Impact on the Pharmaceutical Industry
Market Exclusivity
The patent protection for LYBALVI® grants Alkermes Inc. market exclusivity for the specific formulation covered by the patent. This exclusivity is crucial for the company's revenue and competitive advantage in the market.
Innovation and Research
Patents like U.S. Patent No. 9,119,848 encourage innovation by providing a financial incentive for companies to invest in research and development. The protection offered by these patents allows companies to recoup their investment and continue developing new treatments.
Challenges and Controversies
Patent Term and Extension
The process of determining patent term extensions can be complex and contentious. Interested parties may petition the FDA to review the dates and diligence of the applicant during the regulatory review period, which can affect the final extension granted[4].
Generic Competition
Once the patent expires, generic versions of the drug can enter the market, potentially reducing the market share and revenue of the original patent holder. Companies often seek patent term extensions to delay this competition.
Key Takeaways
- Patent Scope: U.S. Patent No. 9,119,848 specifically covers the L-malate salt of samidorphan, a key component of LYBALVI®.
- Regulatory Approval: The FDA approval process for LYBALVI® involved a lengthy regulatory review period, which is crucial for determining patent term extensions.
- Market Impact: The patent provides Alkermes Inc. with market exclusivity, protecting their investment in research and development.
- Challenges: The patent term extension process can be complex, and generic competition is a significant concern once the patent expires.
FAQs
What is the main subject of U.S. Patent No. 9,119,848?

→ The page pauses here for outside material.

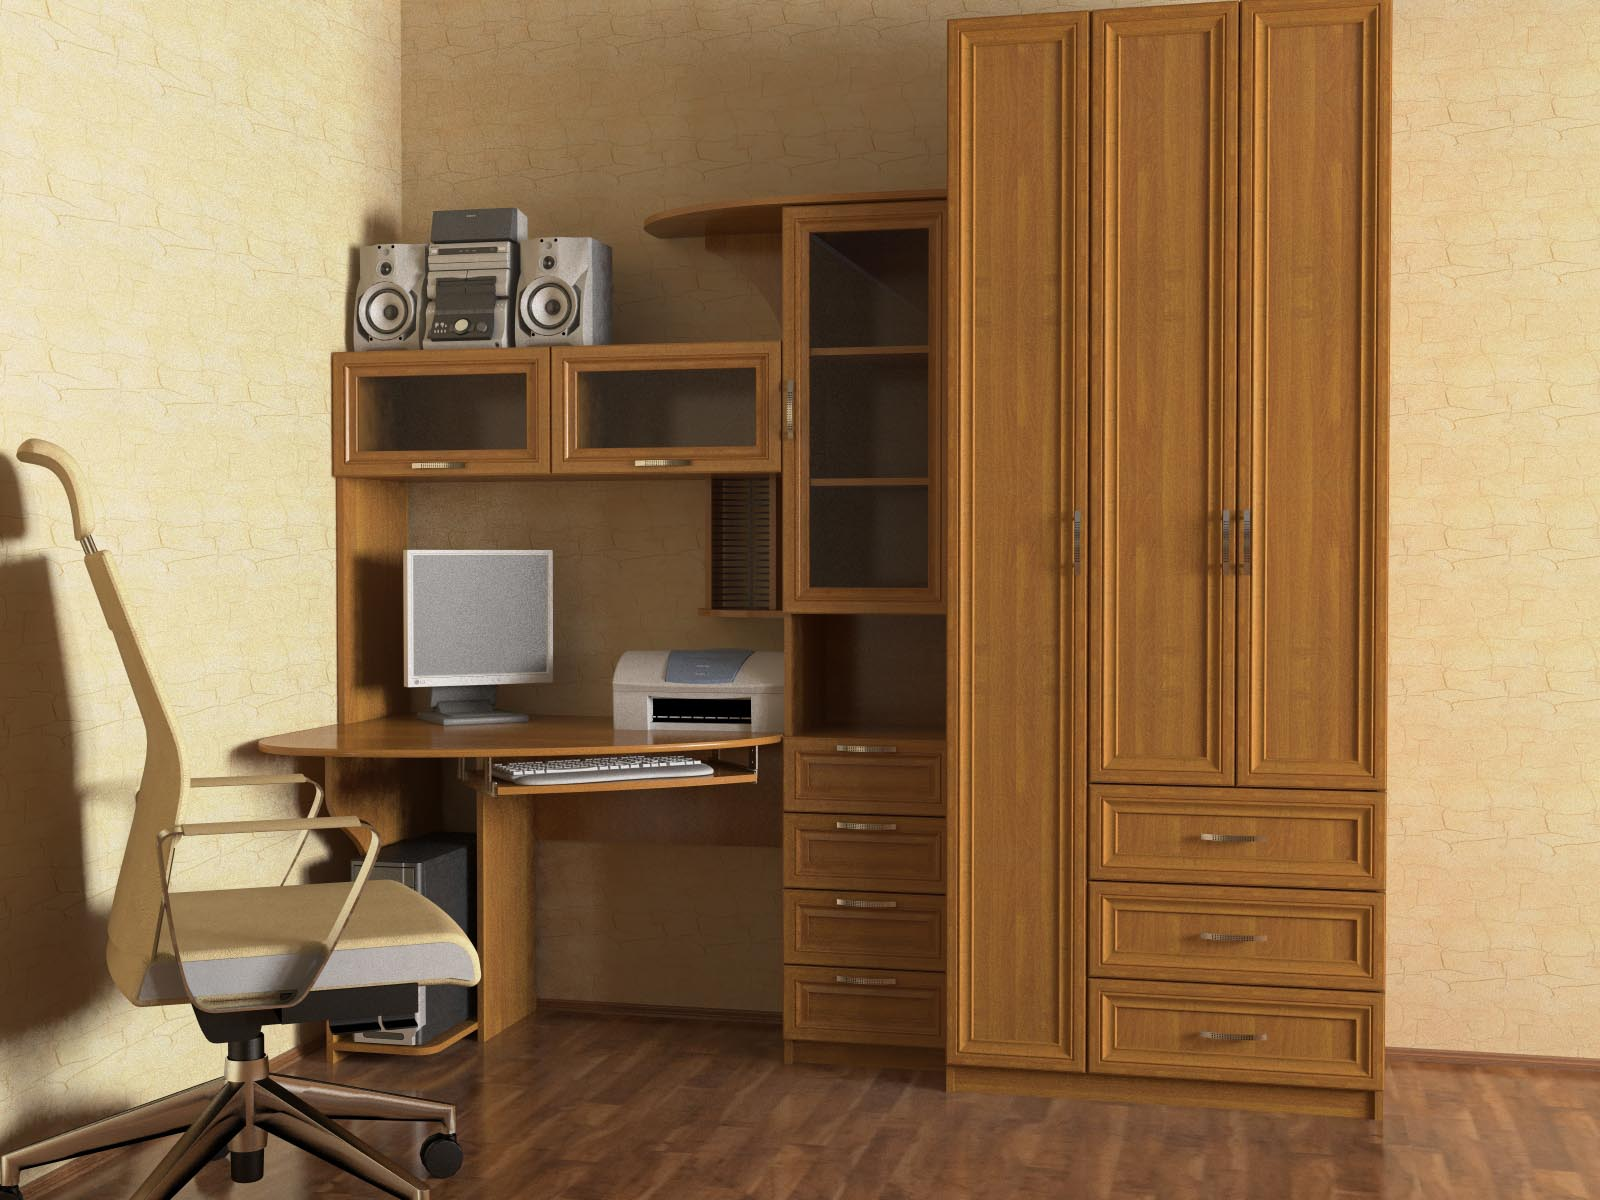 Стол компьютерный ст-4 купить в интернет-магазине тд промебе.

The main subject of U.S. Patent No. 9,119,848 is the L-malate salt of samidorphan, an active ingredient in the drug LYBALVI®.
What is LYBALVI® used for?
LYBALVI® is used for the treatment of schizophrenia in adults and bipolar I disorder, including acute treatment of manic or mixed episodes and maintenance monotherapy treatment.

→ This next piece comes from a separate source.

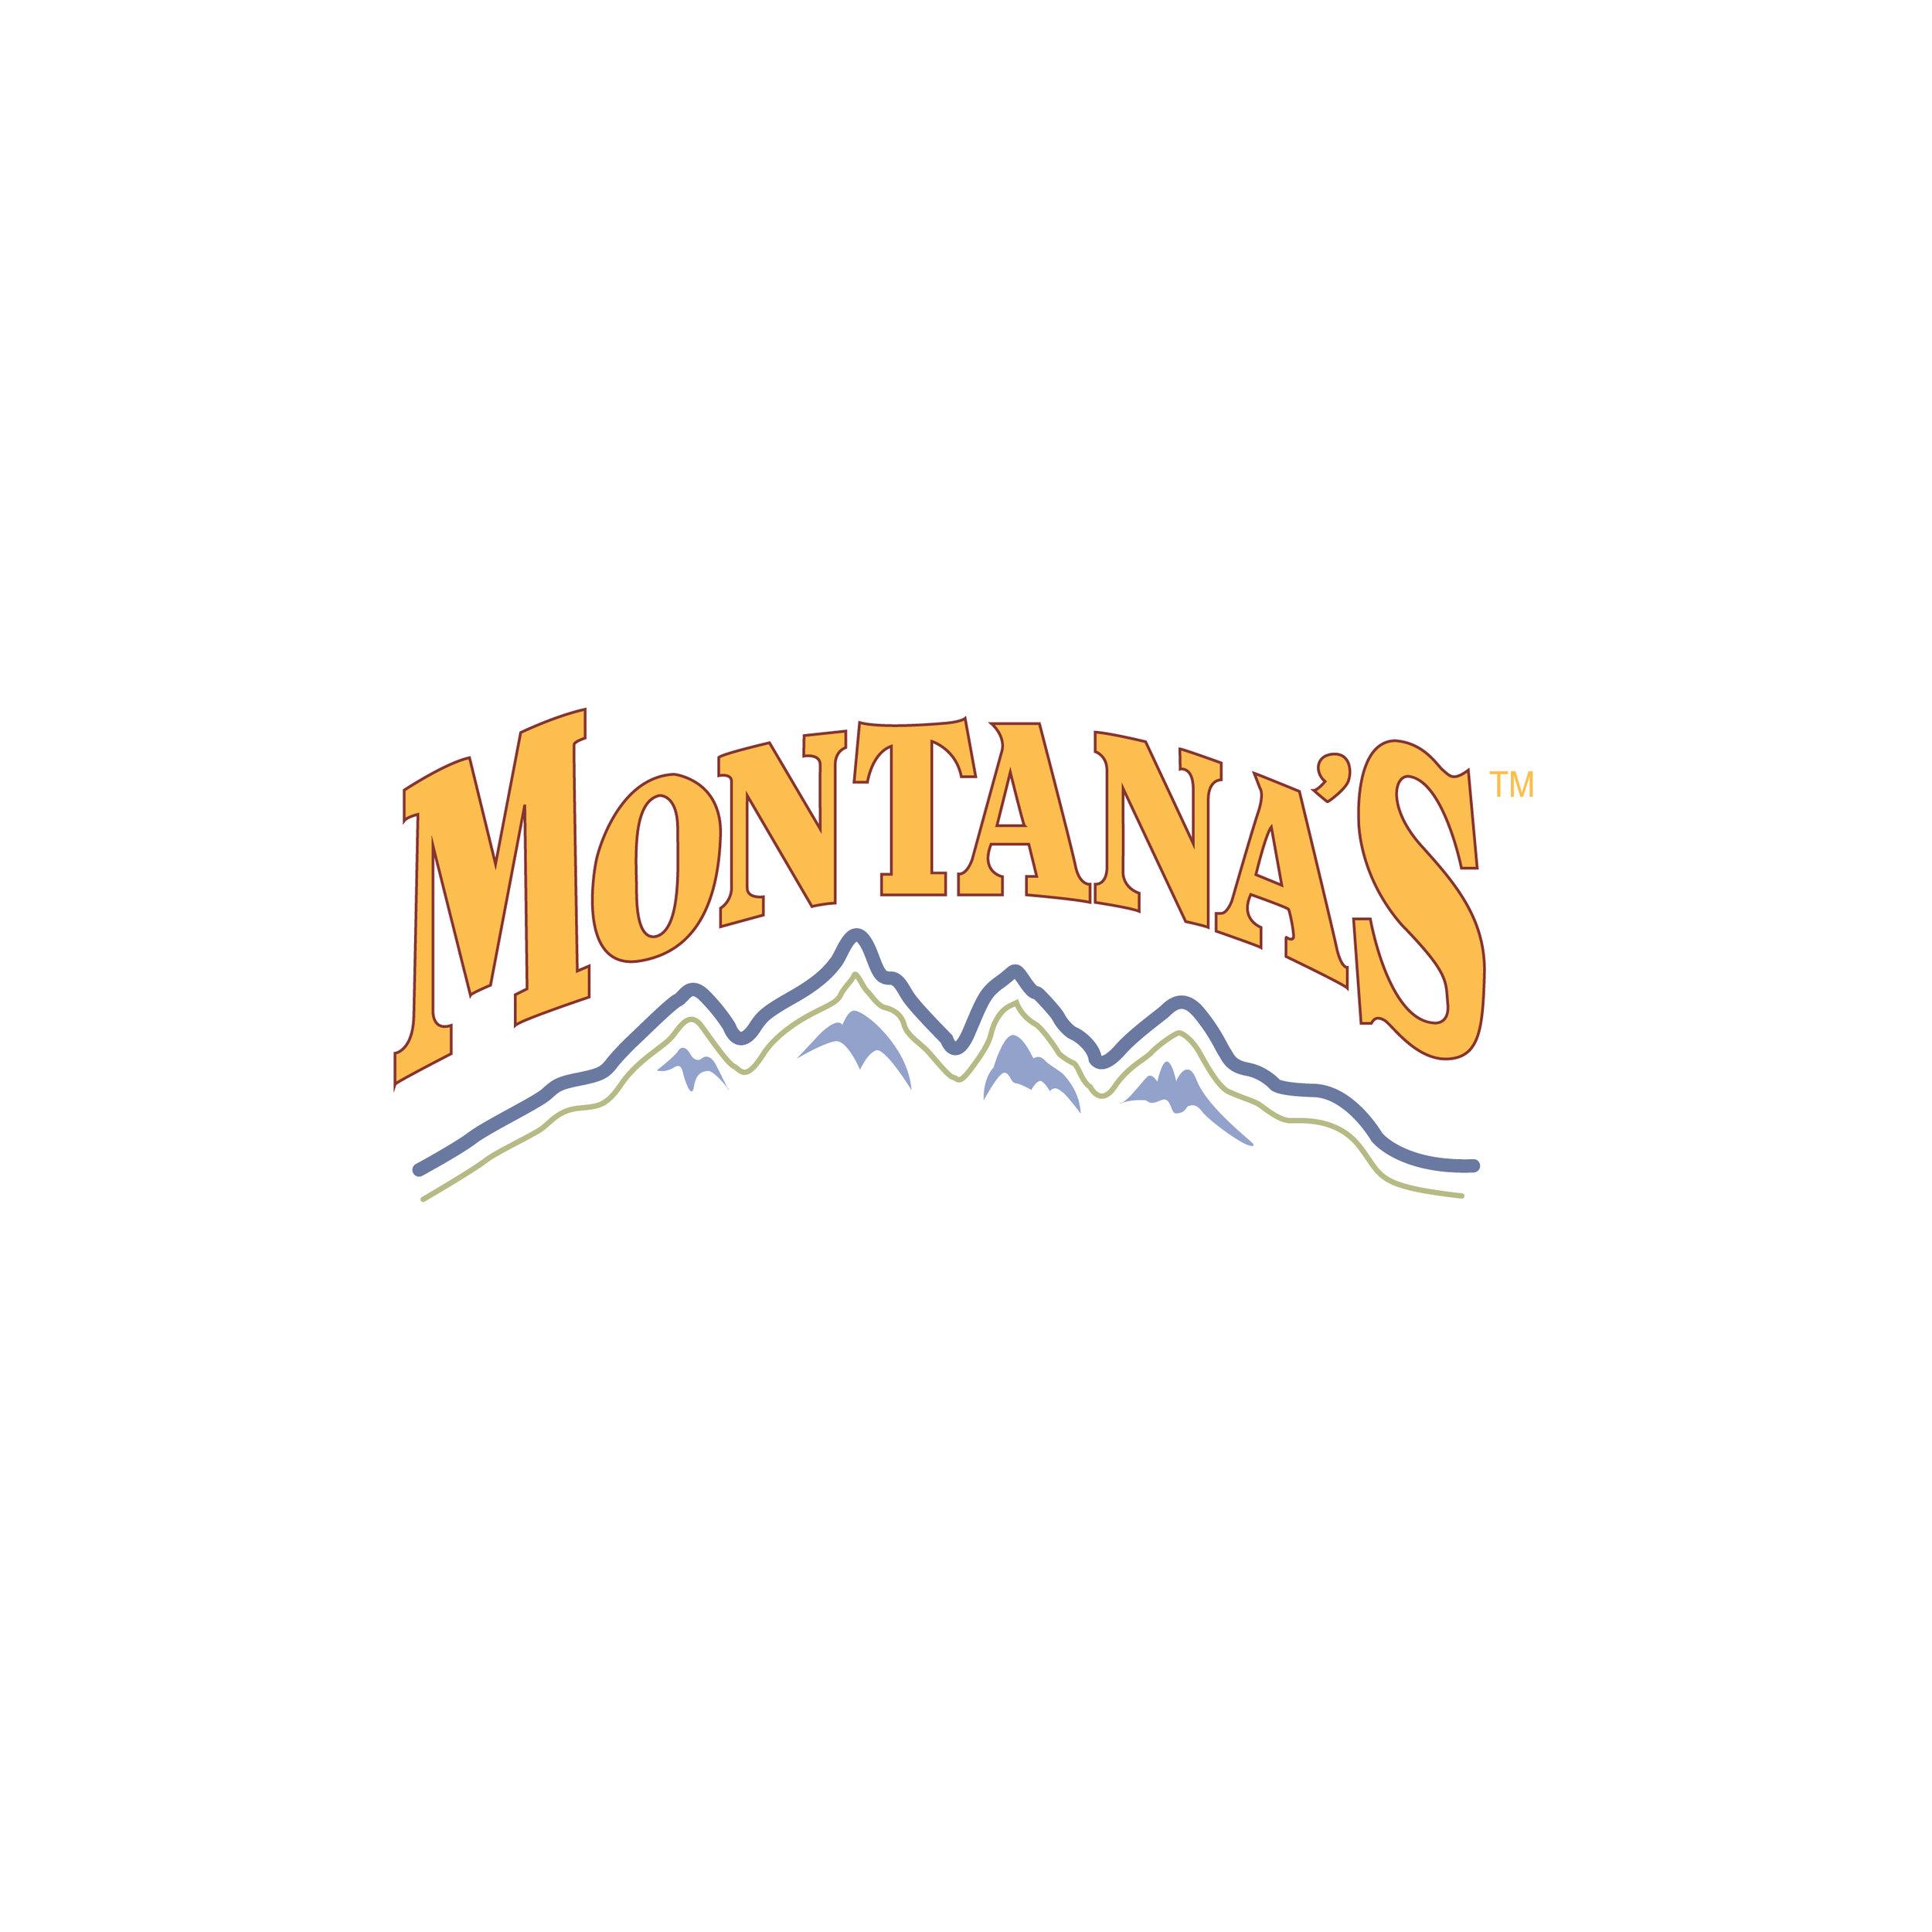 Montanas_Yellow_Logo_Vector-01.jpg

How long was the regulatory review period for LYBALVI®?
The regulatory review period for LYBALVI® was determined to be 4,564 days by the FDA.

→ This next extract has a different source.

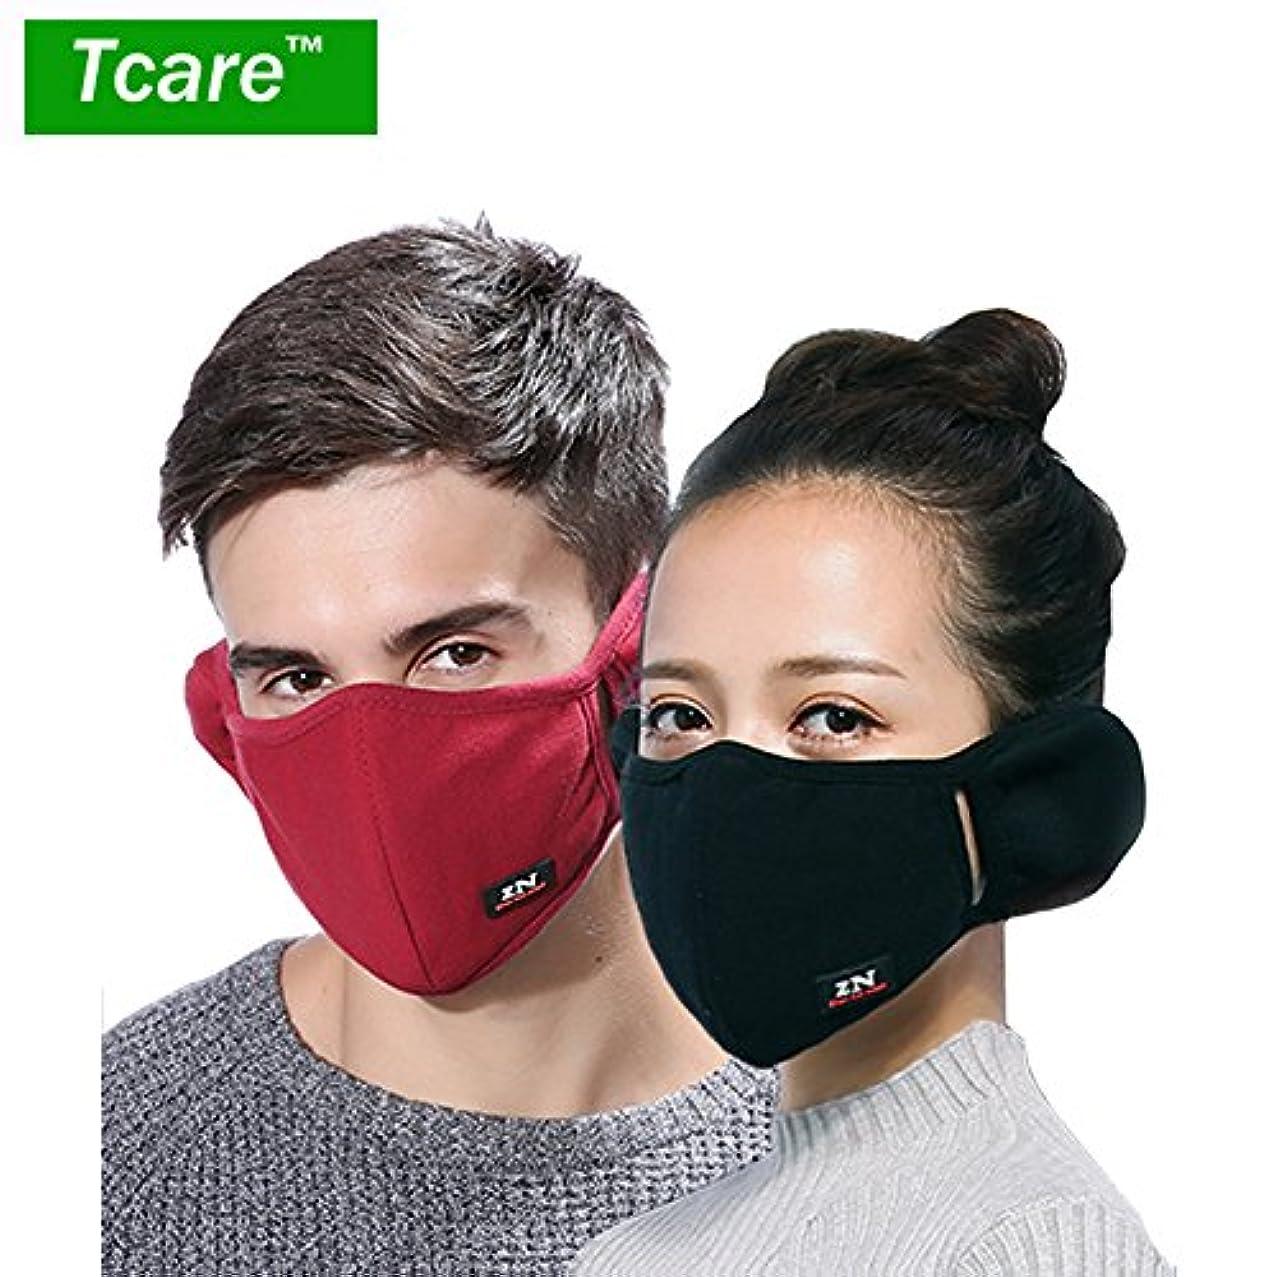 男性女性の少年少女のためのTcare呼吸器2レイヤピュアコットン保護フィルター挿入口:6ピンク

Can other companies manufacture LYBALVI® while the patent is in effect?
No, other companies cannot manufacture, use, or sell the exact formulation of LYBALVI® covered by U.S. Patent No. 9,119,848 without permission from Alkermes Inc.
What happens when the patent for LYBALVI® expires?
Once the patent expires, generic versions of the drug can enter the market, potentially reducing the market share and revenue of Alkermes Inc.
Sources
- The Feasibility of Using Bayh-Dole March-In Rights to Lower Drug Prices - National Bureau of Economic Research.
- US Patent No. - Regulations.gov - U.S. Government Publishing Office.
- Synthetic Biology - Mapping the Patent Landscape - bioRxiv.
- Federal Register / Vol. 88, No. 244 / Thursday, December 21, 2023 / Notices - U.S. Government Publishing Office.
- Patent Extension Application for LYBALVI® (olanzapine and samidorphan), Patent No. 9,119,848 - Regulations.gov.